In the meantime the administration squanders billions on green subsidies and bankrupt solar companies. No doubt the administration will celebrate the improving employment picture. But think of what it might be without Barack Obama actively suppressing job creation in the domestic oil and gas industries while spending hundreds of millions in tax dollars on solar companies that are laying people off.
Update: James Pethokoukis provides some more perspective on the unemployment numbers. Emphasis in the original.
Even if it were a legit number, the 8.3% February unemployment rate, released today by the Labor Department, would be simply terrible – and unacceptable. It would still extend the longest streak of 8%-plus unemployment since the Great Depression. The U.S. economy hasn’t been below 8% unemployment since Obama took office in January 2009. And back in May 2007, unemployment was just 4.4%.
But, unfortunately, the true measure of U.S. unemployment is much, much worse.
1. If the size of the U.S. labor force as a share of the total population was the same as it was when Barack Obama took office—65.7% then vs. 63.9% today—the U-3 unemployment rate would be 10.8%.
2. But what if you take into the account the aging of the Baby Boomers, which means the labor force participation (LFP) rate should be trending lower. Indeed, it has been doing just that since 2000. Before the Great Recession, the Congressional Budget Office predicted what the LFP would be in 2012, assuming such demographic changes.
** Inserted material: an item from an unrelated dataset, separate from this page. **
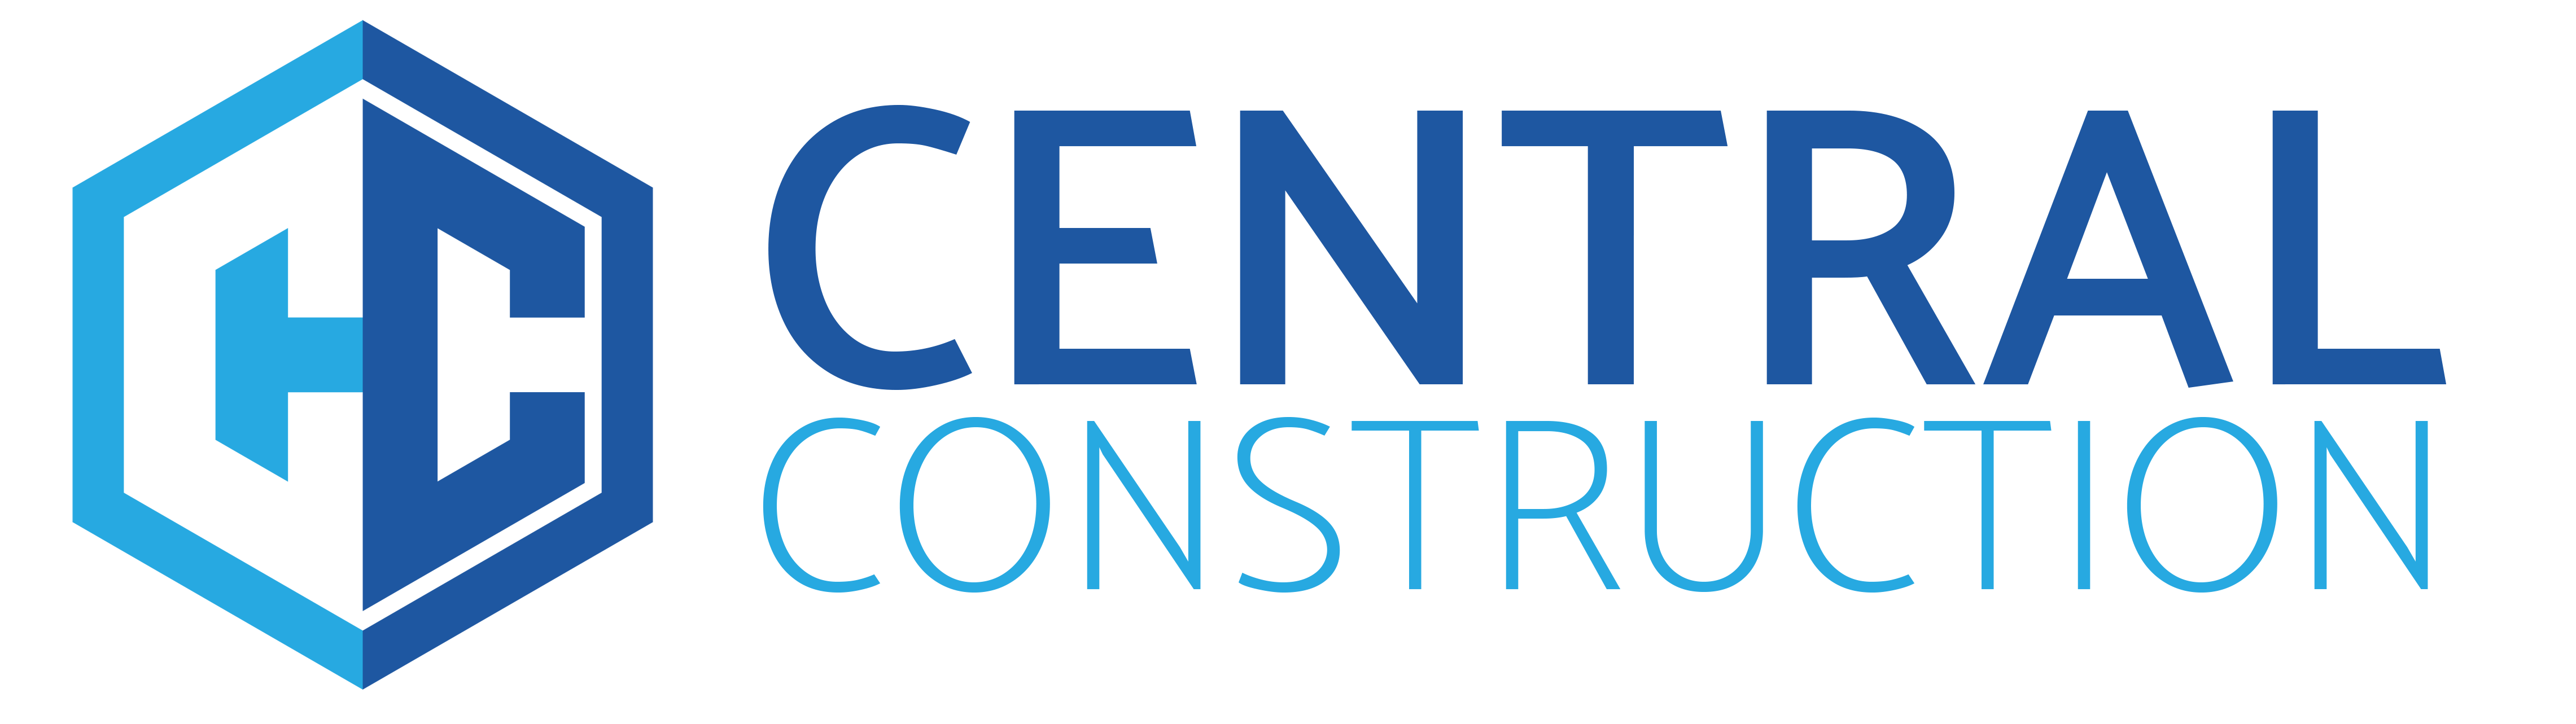 Central Construction, Construction in Ontario

Using that number, the real unemployment rate would be 10.4%.
3. Of course, the LFP rate usually falls during recessions. Yet even if you discount for that and the aging issue, the real unemployment rate would be 9.5%.
4. Then there’s the broader, U-6 measure of unemployment which includes the discouraged plus part-timers who wish they had full time work. That unemployment rate, perhaps the truest measure of the labor market’s health, is still a sky-high 14.9%.